Have you ever seen your credit report? It is often a requirement for job applicants in Kenya to obtain a “clearance certificates” from a credit reference bureau (CRB) as one of the half-dozen source documents to be considered in their vetting.

Kenya has three licensed credit reference bureaus; Credit Reference Bureau Africa (trading as TransUnion), Creditinfo CRB, and Metropol CRB. The initial law on credit reference means that every Kenyan is entitled to get a free credit score every year, but that is not quite the case.

I tried to obtain a report from all of them and here is a review of the three services, in order of ease of access.

3. Metropol Credit Reference Bureau says that you can get your first free credit report by dialing *433# and by paying Kshs 100 via M-Pesa. Prompts indicated that a payment was required and I entered sent the amount via M-Pesa, but the payment transaction bounced back. Did this twice, and nothing ever came from Metropol and this needs a fix.

2. TransUnion: Credit Reference Bureau Africa was Kenya’s first credit reference bureau and now trades as TransUnion. Registration is Kshs 50/= for you to get your first free credit report. There are two ways of interacting with the service by SMS or by downloading an app.

The SMS route (number 21272) led to a prompt to pay Kshs 50 by M-Pesa. I did that and was led to a mini-menu to choose and receive more text messages.

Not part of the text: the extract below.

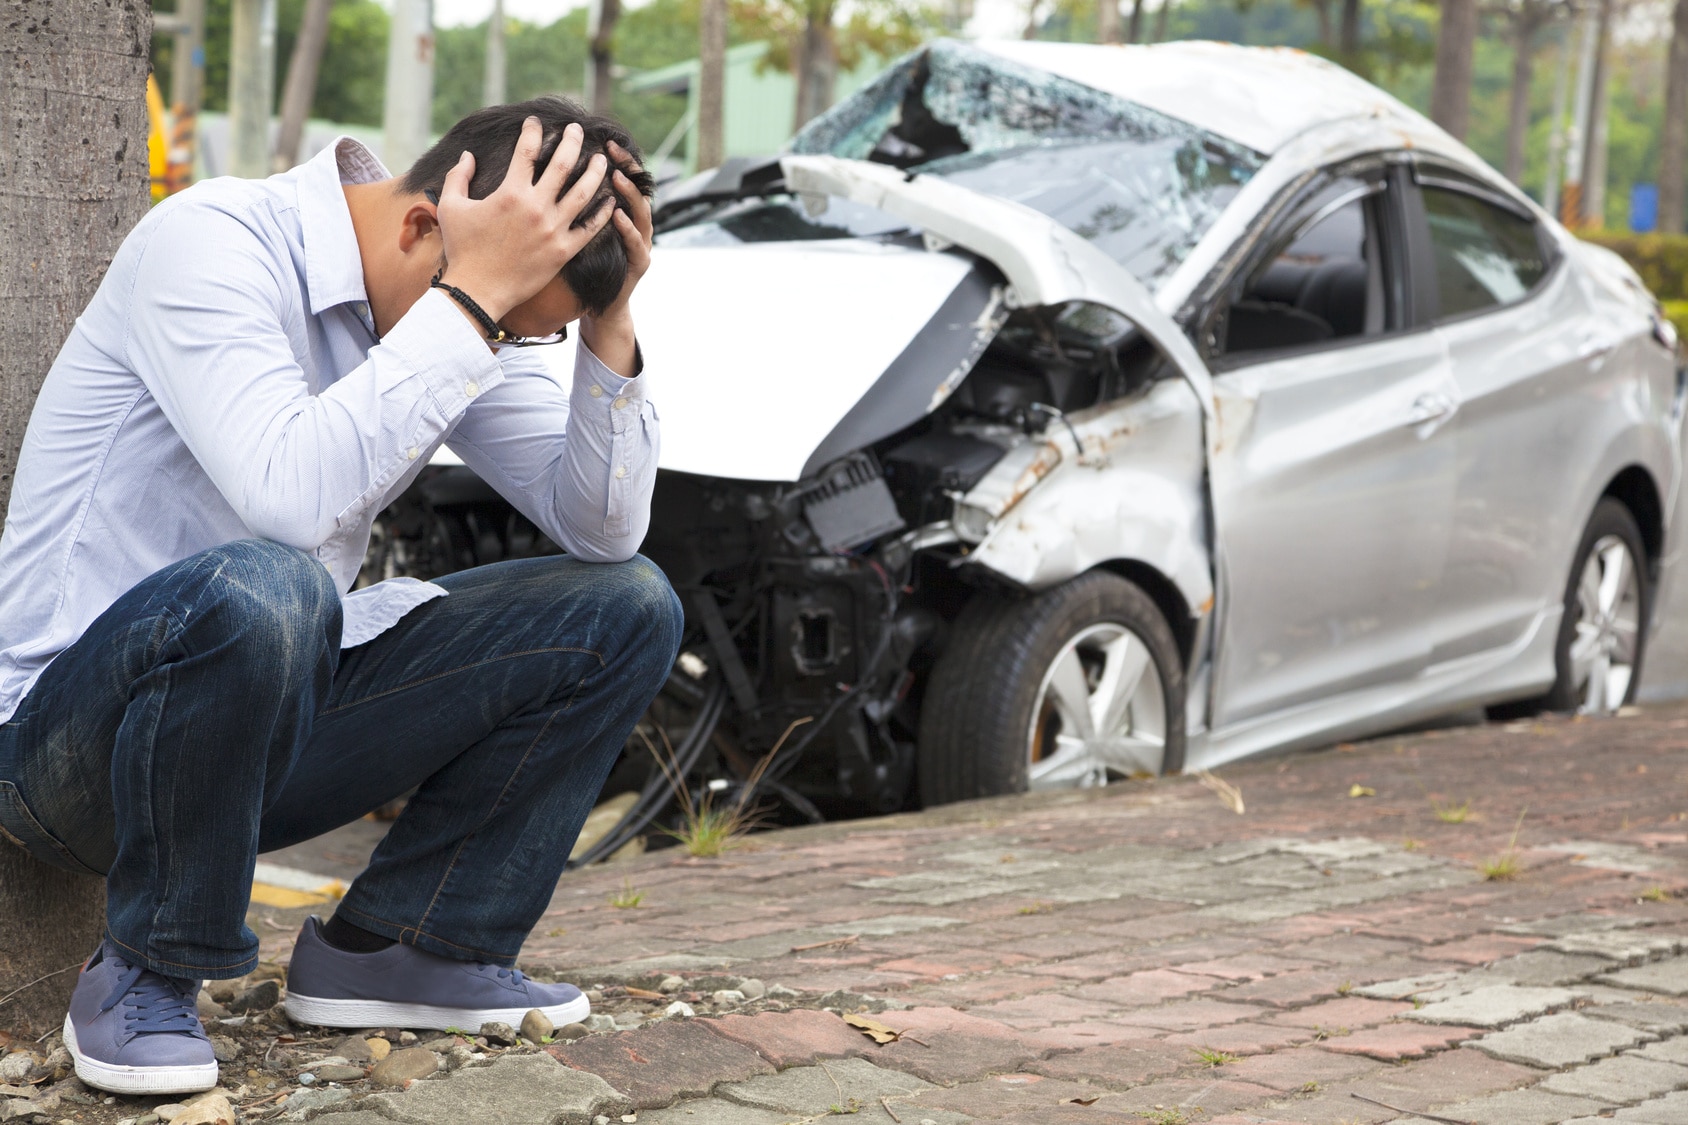 How Does The City Of Houston Handle Minor Car Accidents?

However, each SMS cost Kshs 15 – 19 each to proceed to the next screen and at some point, the TransUnion site gives advice that it is better to download the app and save on SMS transaction costs.

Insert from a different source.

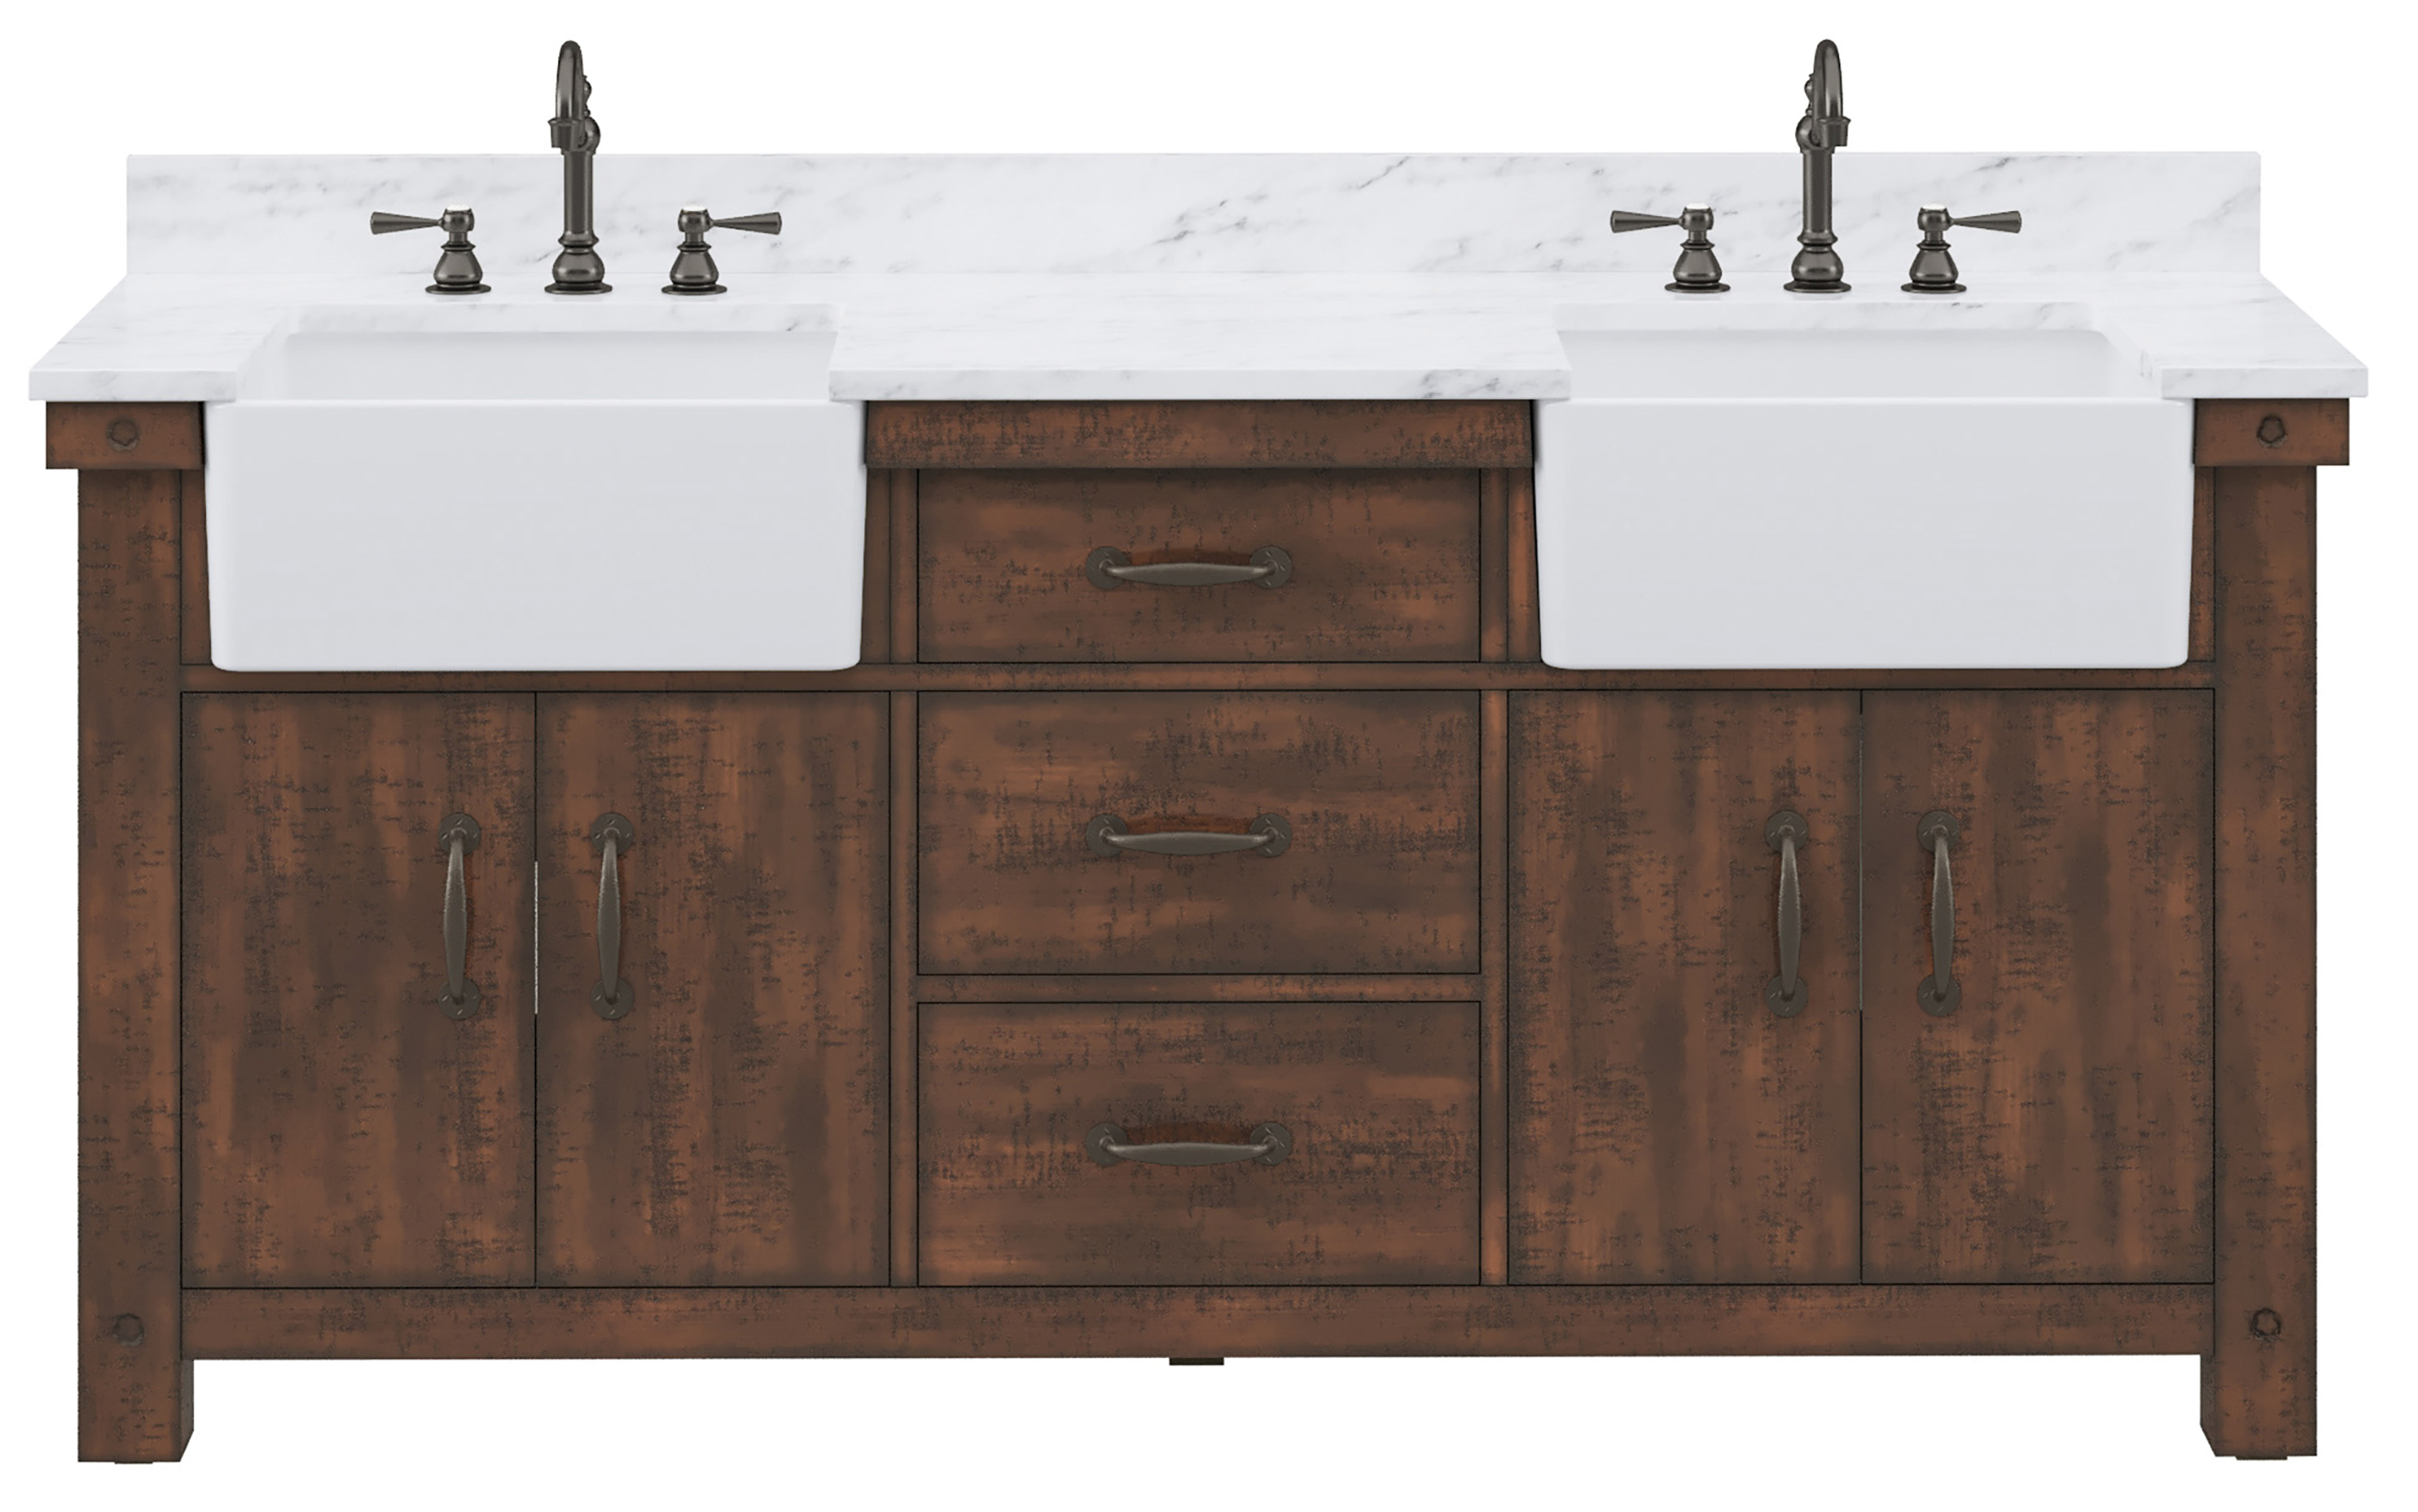 72" Double Sink Carrara White Marble Countertop Vanity in Rustic Sienna with Mirror and Faucet Options

I did that and for the TransUnion Niapshe app from the Google store through which one can request a credit report and a clearance certificate. After payment, it now says you will be getting the free report annually. Also, that as a subscriber, you will get FREE SMS alerts in case of a new enquiry by a lender, new loan information submitted, when a loan goes 60 days into arrears, as well as when a loan is fully repaid.

Since I had already paid the 50, I asked for the report to be emailed. It came behind a password protect for me to enter my national ID (number) to unlock, but that did not work. I emailed a few times back to customer service and got an unlocked report in an email two days later.

TransUnion also sells “clearance certificates” at a cost of Kshs 2,200 (~$22)

1. Creditinfo CRB Kenya. On their site, you enter your name, ID, email, phone number and that leads to a sign-in prompt to pay Kshs 50. Did that, and within five minutes, got my credit report, a four-page PDF with a numeric score, risk classification and the number of credit queries in the past 12 months.

Findings from the Credit Reports

There are similarities in the two reports obtained from CreditInfo and TransUnion including:

  • They have some personal information, but the range and detail vary. TransUnion has more tries to add all your known locations and post office addresses. It reads information from your national ID including home location.
  • They have bank borrowing – loans, credit cards, and bank loan apps (in my case Timiza from Barclays and M-Shwari from CBA/Safaricom).
  • Both collect information on borrowers such as loans that are performing and non-performing loans, fraud, bounced cheques, credit applications, length of credit history, number of disputed record, court disputes etc. 
  • While CreditInfo gives a score (presumably between 0-1000), TransUnion also does but also gives a band to show what its 0-1000 scores mean. The top band being AA being (700 to 1000), followed by BB is (690-697), CC (675 – 689), and a few others up to the bottom (score of 1-489). There is also a star ranking of four kinds; with two dreaded categories of “***Adverse Action Reasons” and “**** Probability Of Default”.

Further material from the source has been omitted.